Abstract

Plastic-bonded materials are composites consisting of grains of filler material embedded in a polymeric matrix. A micromechanics model is proposed for investigating the mechanical behaviour of plastic-bonded materials having two disparate grain sizes. A hybrid theory is proposed to handle some aspects of the bimodal grain size distribution. Our model uses the first-order method of cells with an eight-cell representative volume element where one of the eight cells contains a large grain and the seven remaining cells contain a mixture of small grains embedded in the polymeric binder material. A Mori–Tanaka-based analysis is used to describe the small grain-binder mechanical response. The small grains in this analysis are assumed to be spherical and uniformly distributed in the binder. In this work, we use the explosive PBX 9501, in its unreacted state, as our test system.
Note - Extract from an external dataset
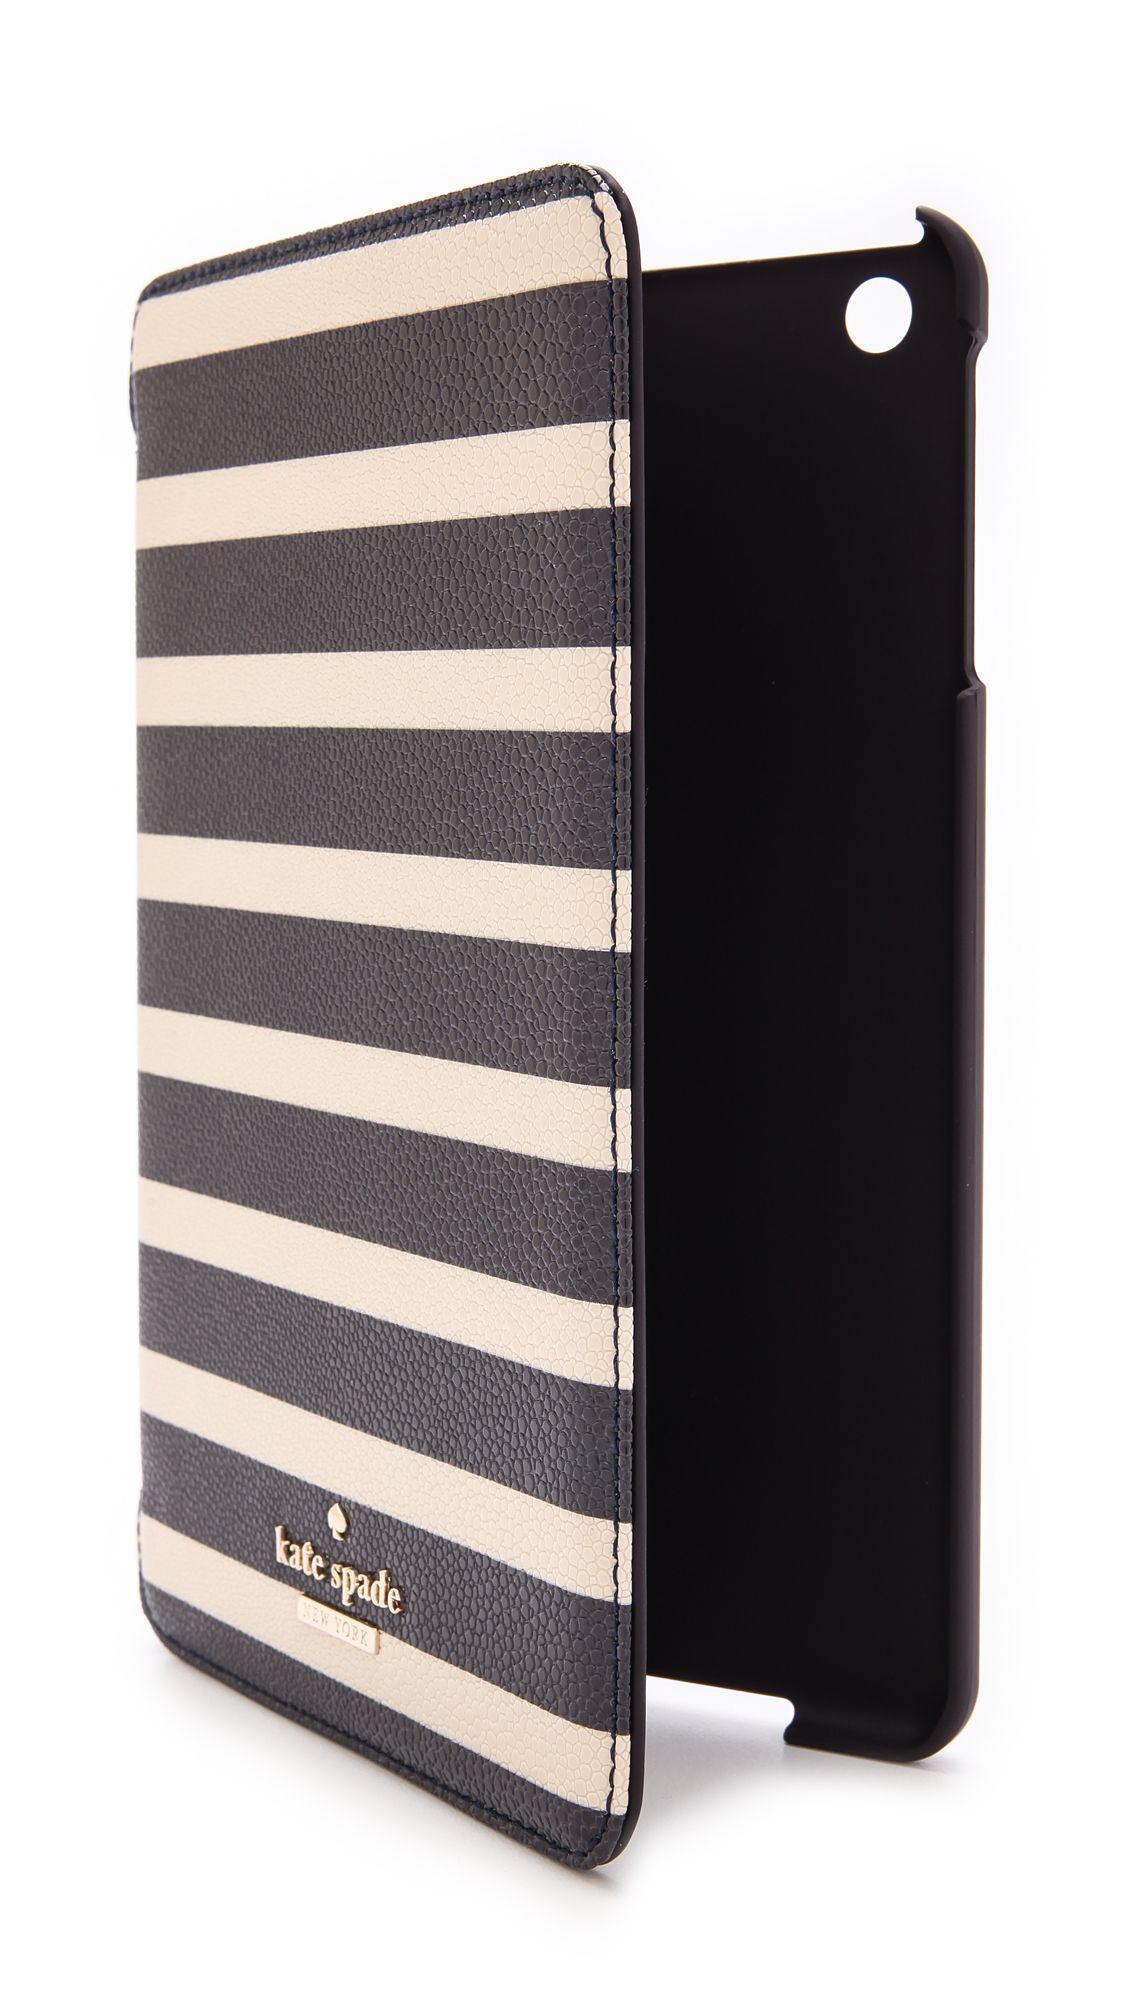 new product 2caf6 50e06 Mariner iPad mini Folio Case | Stuff | Kate spade ipad case, Ipad ...

The explosive grain particle size distribution of PBX 9501 consists of two broad peaks centred at approximately 1 and 200 µm. The constitutive behaviour of the large explosive grains are assumed to be elastic-plastic and damage by way of micro-crack brittle fracture. Only linear elasticity of the small grains is considered. The rate and temperature dependence of the mechanical response of the polymer binder is accounted for by a generalized Maxwell viscoelasticity model. The theoretical uniaxial stress–strain response for PBX 9501 is reported for quasi-static and split Hopkinson pressure bar loading rates and compared to experimental measurements.